Music. Plain and simply, I am thankful for music. Music has played a very significant role in my life, and I believe in the lives of most. I was raised on Elvis Presley and Bobby Darrin, Dean Martin and Frank Sinatra all from my mother, my father contributed 1970s country and western music (when I type those words "country and western", I cannot help but think of the way the lady bartender in The Blues Brothers says it when questioned on what kind of music usually plays at Bob's Country Bunker…"we have both kinds; country AND western", see this is my point, which I will inevitably make somewhere); the works of Freddy Fender, Hank Williams, Tanya Tucker and Razzy Bailey and Mel Tillis…this was the music of my youth. I remember listening around the family stereo; the record player/8-track/AM-FM stereo where Mom would play her Elvis records. I would sing along, and then I began to perform. I would pretend to be Elvis, lip syncing before it was cool.
Eventually, it came the time in a young man's life and I bought my first album, well, actually my younger brother and I combined our savings and we, together, bought our first album…Michael Jackson's Thriller, heaven forgive me, but no, I will not feel bad about it. It was 1983, we had just moved to a new town and Motown was celebrating an anniversary and the Jacksons performed, and Michael introduced the Moonwalk. Jeffery and I took our change, rode our bicycles to the local music store and we purchased the album. We used the family stereo, now moved from the Elvis lip syncing (strange MJ and the King's little Princess Lisa Marie [my childhood crush, and fantasy Sugar Momma] would later marry) days of our Breese, Illinois home to our new place across from the abandoned hat factory, the music of Motown was flowing into our home. My father wasn't happy about it; raised by a bigoted father and grandparents, Pops wasn't a fan of the music, nor it's affect on our culture, he believed, Archie Bunker-style, to stick to the classics.

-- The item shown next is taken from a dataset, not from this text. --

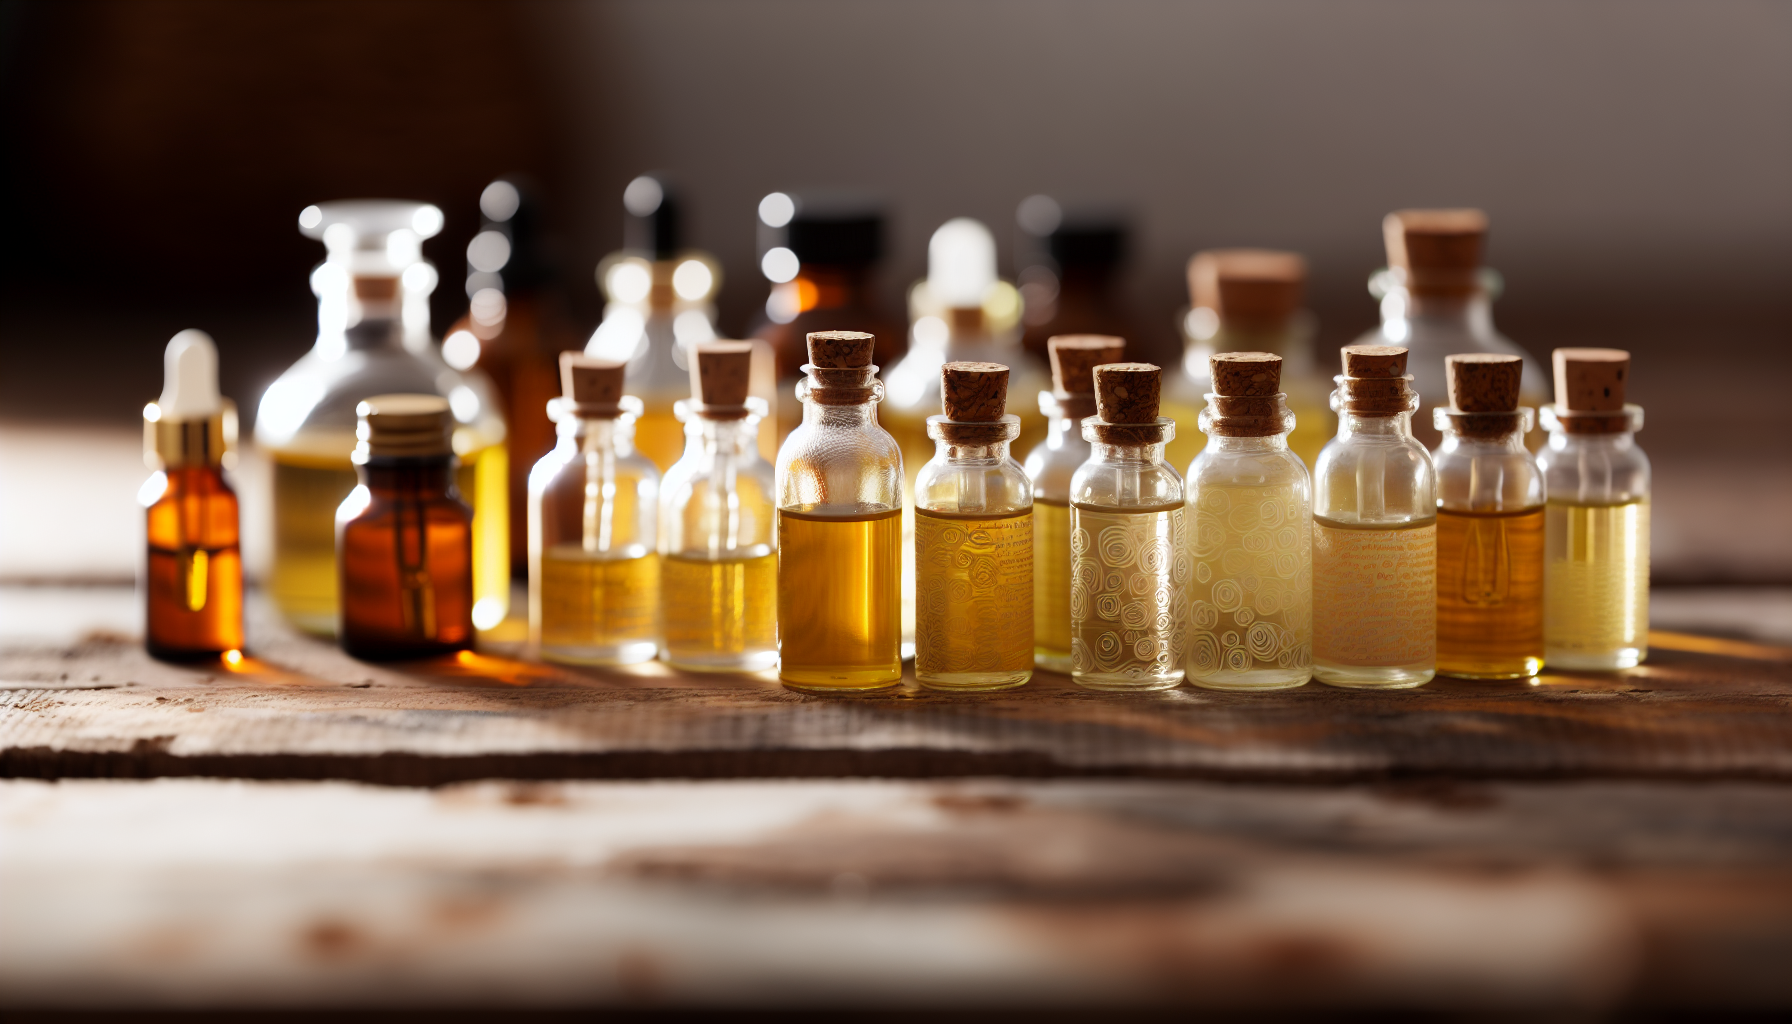 Bottles of various beard oils lined up on a wooden surface

It wasn't too many years and I got my next significant album, from one of my best friends, a cassette of the Ghostbusters soundtrack. The saying "soundtrack" of my life is so true; we each have our own soundtrack, unique to us. Music gives us that. I worked, if you could call it that, as a disc jokey a few times, working parties in German-Greek neighborhood bars and American Sports Bars, and I learned from my mentor, a crazy mad man in his own right, that music touches on deep emotions. A song, just the hint of it, the first few notes, can transport you back to a place in your life, you see that moment, that time frame, almost like through a crystal ball, the clouds of years having hid it from daily use. We get entrapped with our lives we forget the music of our youth. My children, thank them so much and bless their hearts, have introduced me to newer music, but of course, by me liking the songs it ruins it for them. Robin Thicke is cool until Dad wants to sing the song. That Korean lepruchan was cool until Mom and Dad start doing the Gamora Dance, or whatever it was called. From the Macarena and the Electric Slide to the Cotton-Eyed Joe, the dances and the music have only changed the performers and the beats, but the music lives in; from the plastic bands, the pre-fabricated industry controlled Uzbekistan's Got Music Challenges to the garage musicians, teenagers trying to make a break for themselves. Music moves our lives.
I went to many concerts; The Monkees (my first, with my Home Economics teacher), U2 the year the Cardinals had won a World Series and Bono came onstage in a red, Cardinals jacket, there was Nazareth and Kansas in a German School Gymnasium, .38 Special in a bar called (no kidding) The Flaming Mug, Night Ranger, Steve Miller Band, Waylon Jennings, Dwight Yoakum, but the greatest concert experience was The Rolling Stones. Again, music drove my life, my German girlfriend was a fan, bought tickets to the show at the Munich Olympic Stadium. I listened to every album the Stones had recorded; I found gems I had never heard of, I was well versed in every song they had produced. The concert was insane. The performance inspired. I will never forget, well…maybe should say, I hope to never forget. Today, having drifted away from my love of music of late…hearing the strains of Honky Tonk Woman will make me want to belt out in song. I've done karaoke in my younger days, I've performed on stage with musicians…I cannot carry a note in a bucket with a handle, but the fire is in me. The music is in me. The music is in all of us. We carry it, inside, the song of our people, the song of our lives, the song of our journey.
So, very long post extremely overdone, I am most thankful for Music…and the role it has always played in my life.